Task description » Starting with the line that contains "Regency Period Spode" and stopping after the line that contains "Вулкан 24 официальный", copy the entries below exactly. Include nothing else.

Entries provided »
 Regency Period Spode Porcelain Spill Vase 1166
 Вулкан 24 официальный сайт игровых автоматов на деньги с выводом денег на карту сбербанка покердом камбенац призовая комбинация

* * *

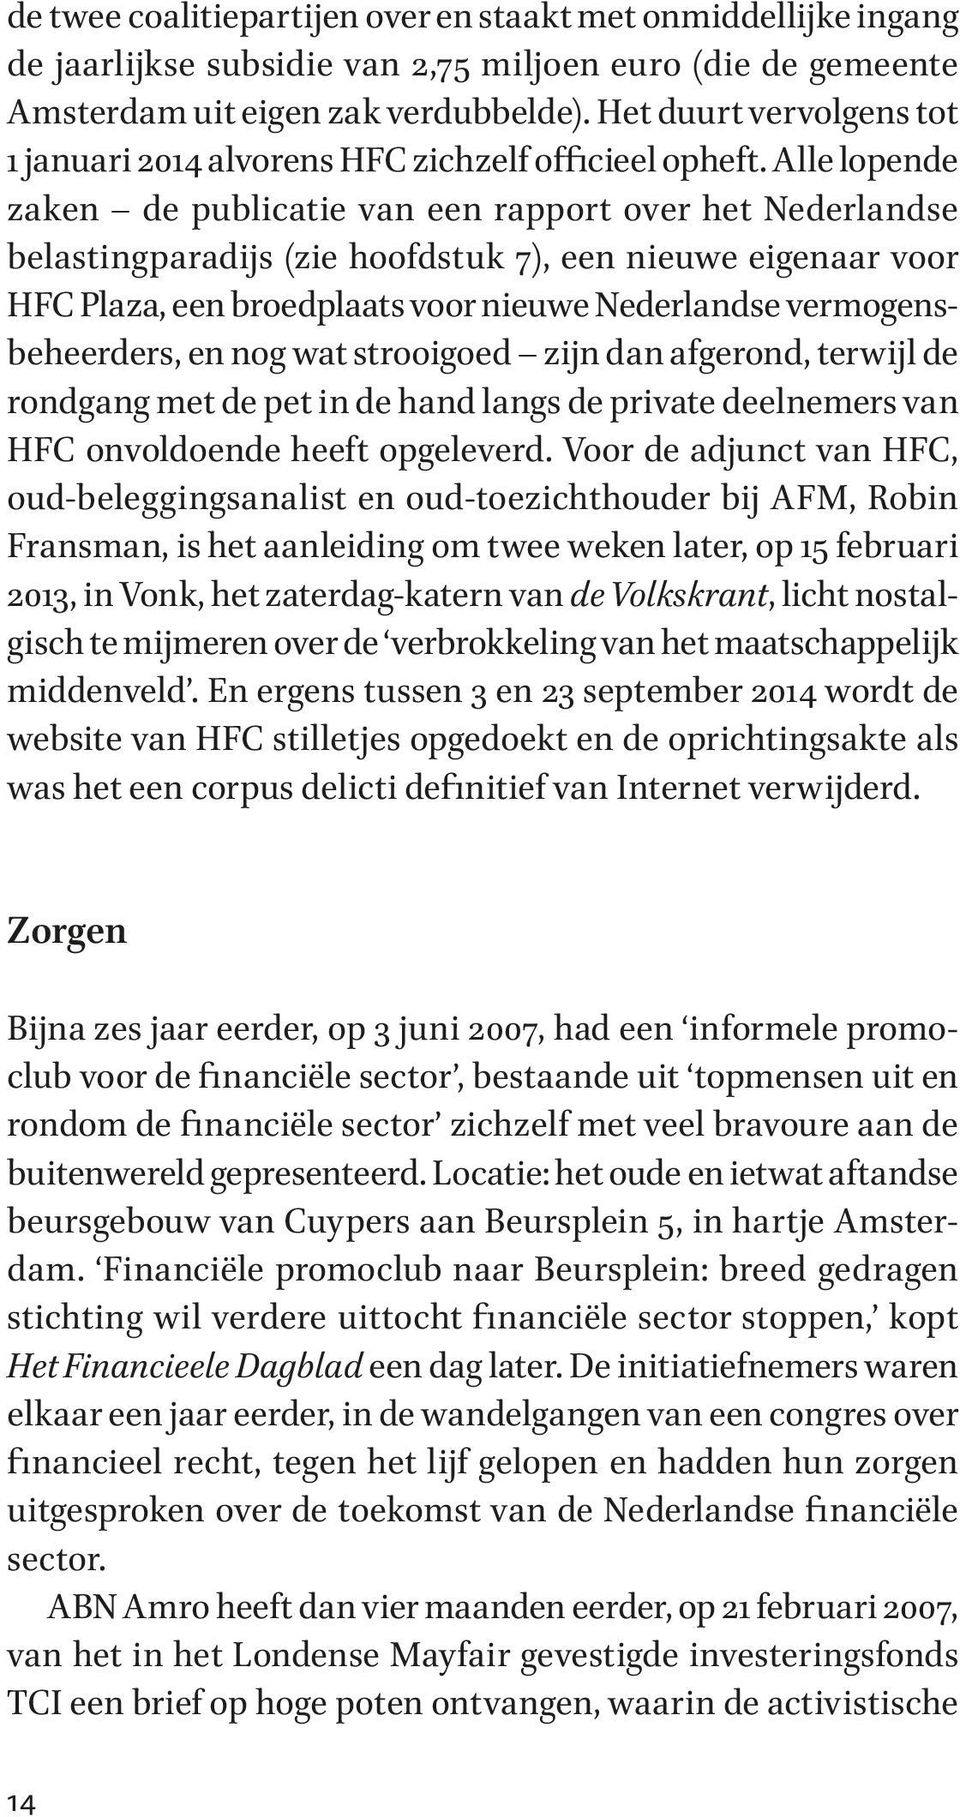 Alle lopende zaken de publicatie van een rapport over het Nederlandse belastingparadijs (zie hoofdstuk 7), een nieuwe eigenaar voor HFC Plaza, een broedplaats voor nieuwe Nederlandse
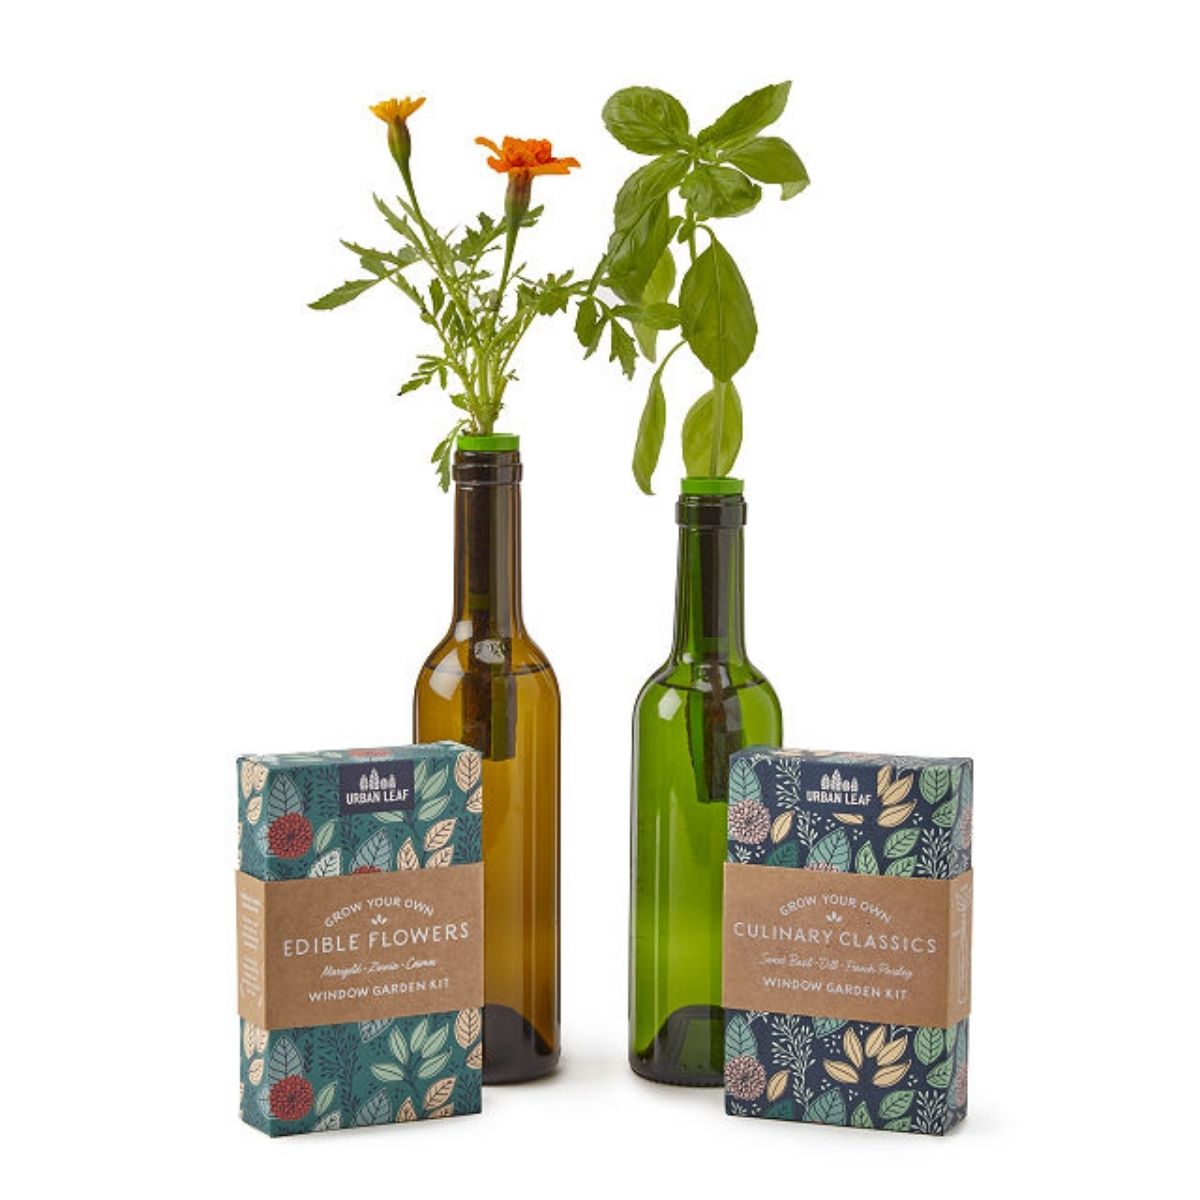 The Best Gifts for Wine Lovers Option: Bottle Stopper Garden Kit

==

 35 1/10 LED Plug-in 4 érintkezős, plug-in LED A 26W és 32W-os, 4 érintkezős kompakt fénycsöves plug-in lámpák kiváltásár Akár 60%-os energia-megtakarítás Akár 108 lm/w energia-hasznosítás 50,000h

Exercise response »
 Regency Period Spode Porcelain Spill Vase 1166
 Вулкан 24 официальный сайт игровых автоматов на деньги с выводом денег на карту сбербанка покердом камбенац призовая комбинация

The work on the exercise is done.